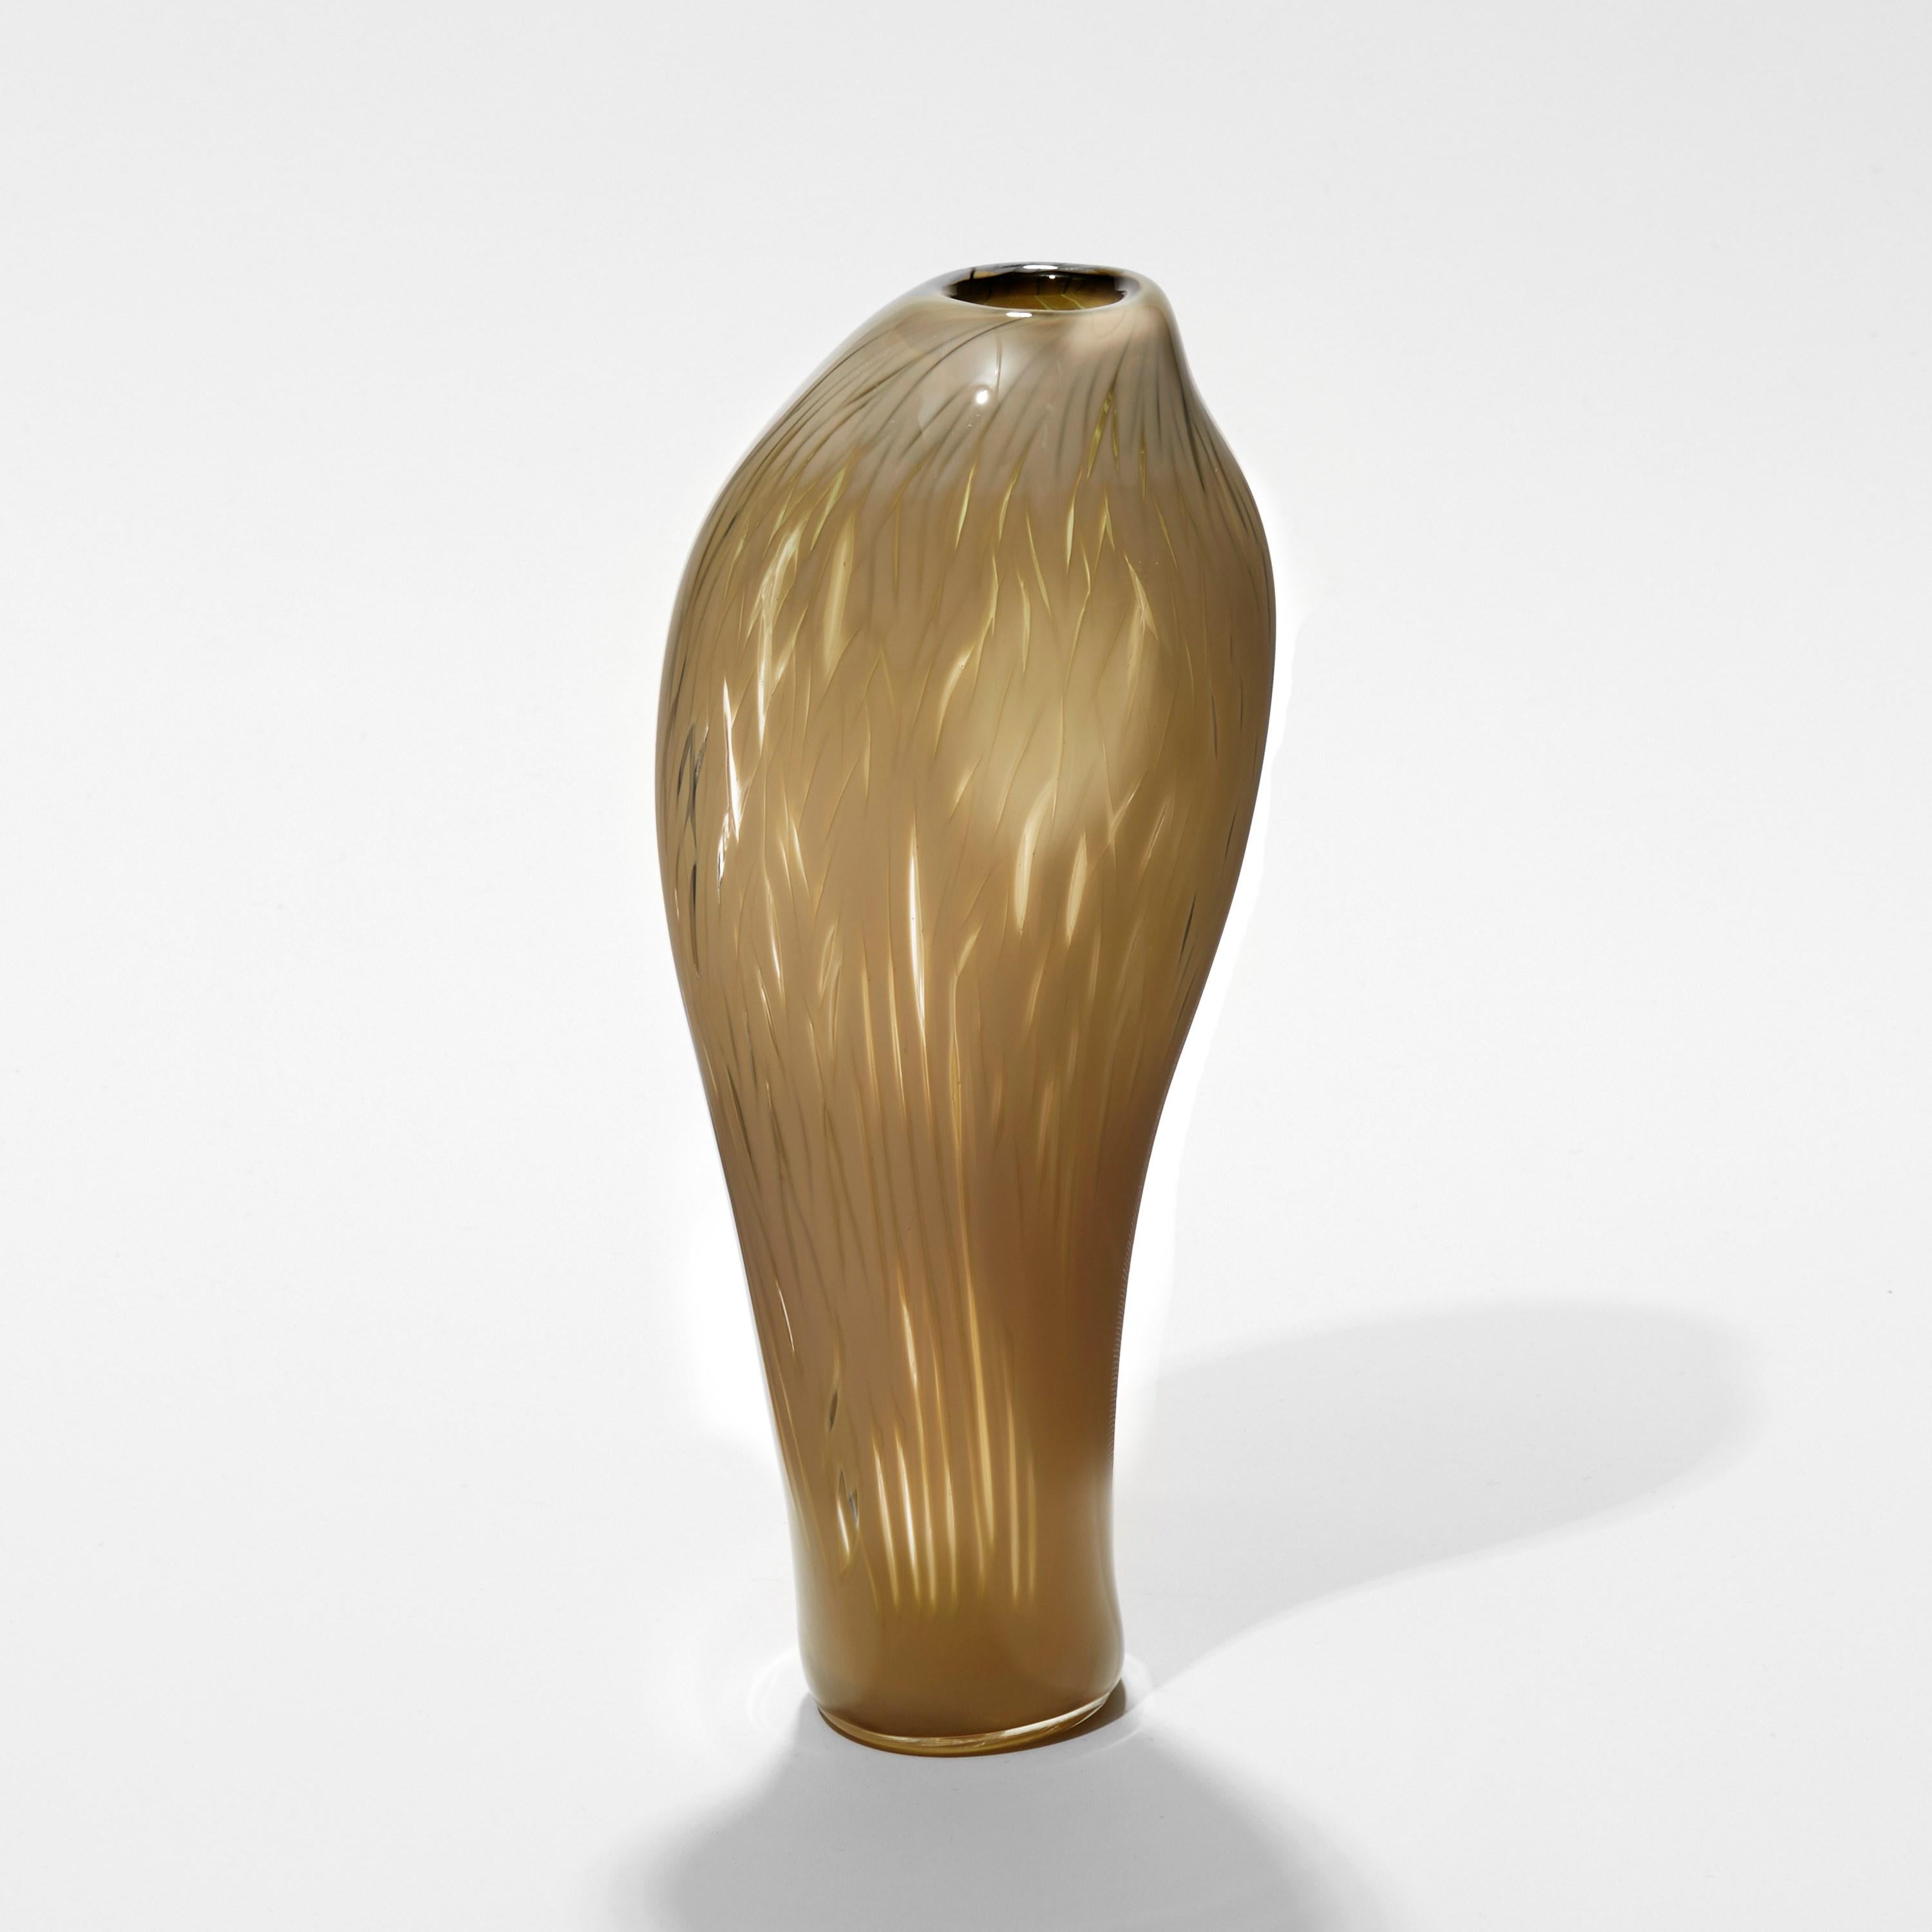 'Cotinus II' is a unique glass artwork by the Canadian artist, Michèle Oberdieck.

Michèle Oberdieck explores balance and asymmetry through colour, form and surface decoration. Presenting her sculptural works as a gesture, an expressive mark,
==================================================
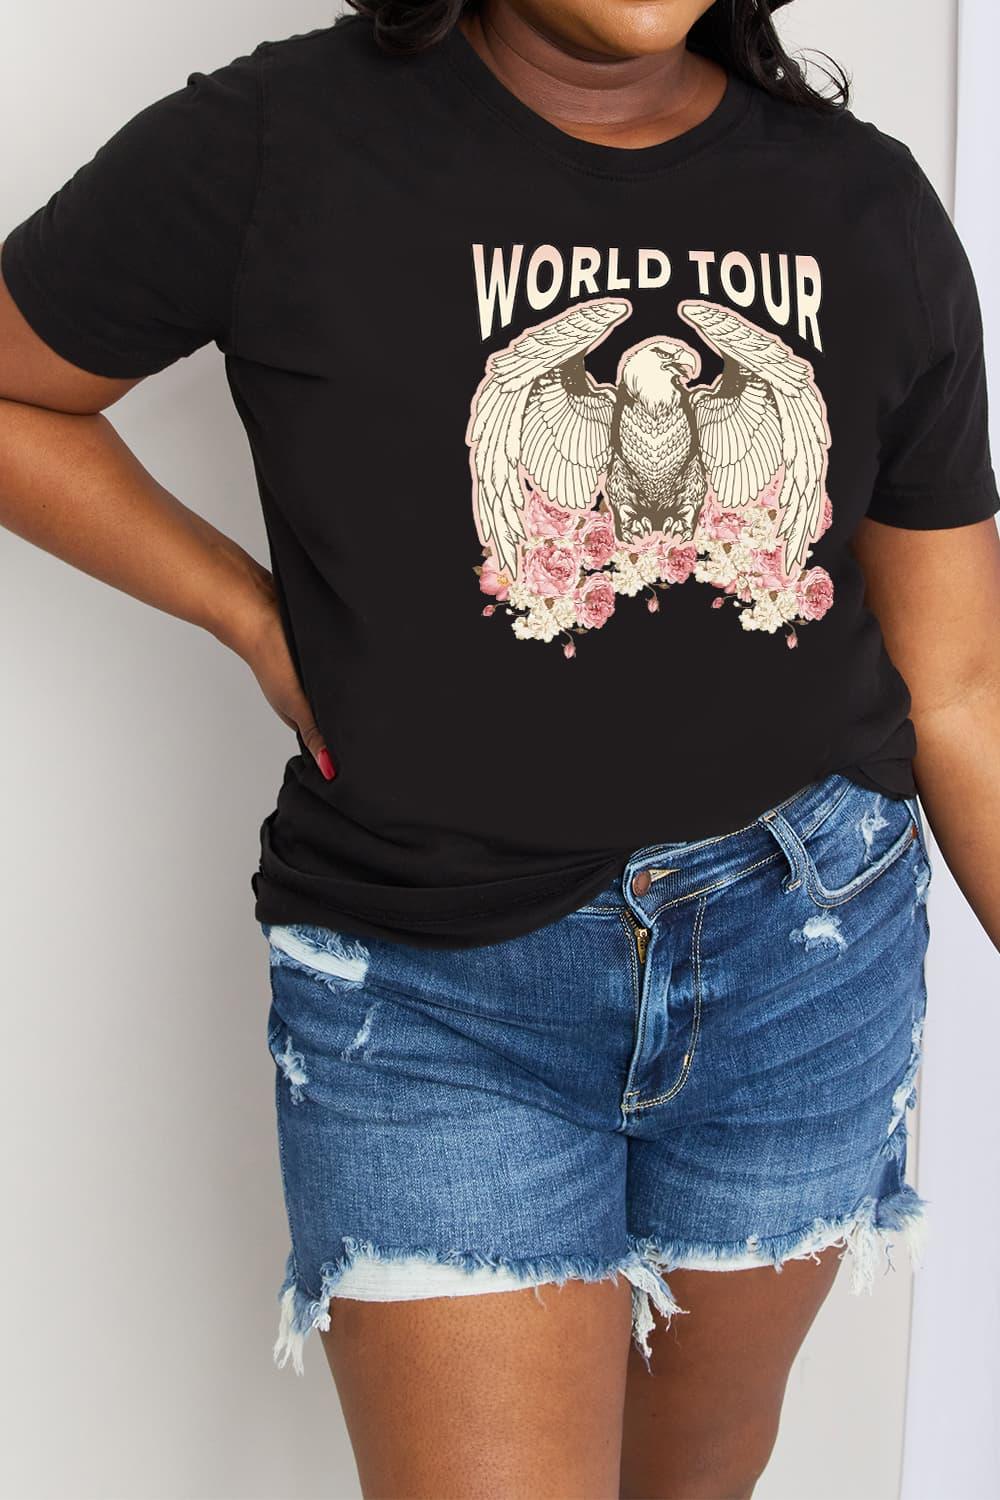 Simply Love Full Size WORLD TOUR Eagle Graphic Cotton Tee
==================================================
## Problem requirements
The reply should hold the entries above from the line with "artist, Michèle Oberdieck." to the line with "Michèle Oberdieck explores", duplicated exactly, pictures excluded.

## Answer for this exercise
 'Cotinus II' is a unique glass artwork by the Canadian artist, Michèle Oberdieck.

Michèle Oberdieck explores balance and asymmetry through colour, form and surface decoration. Presenting her sculptural works as a gesture, an expressive mark,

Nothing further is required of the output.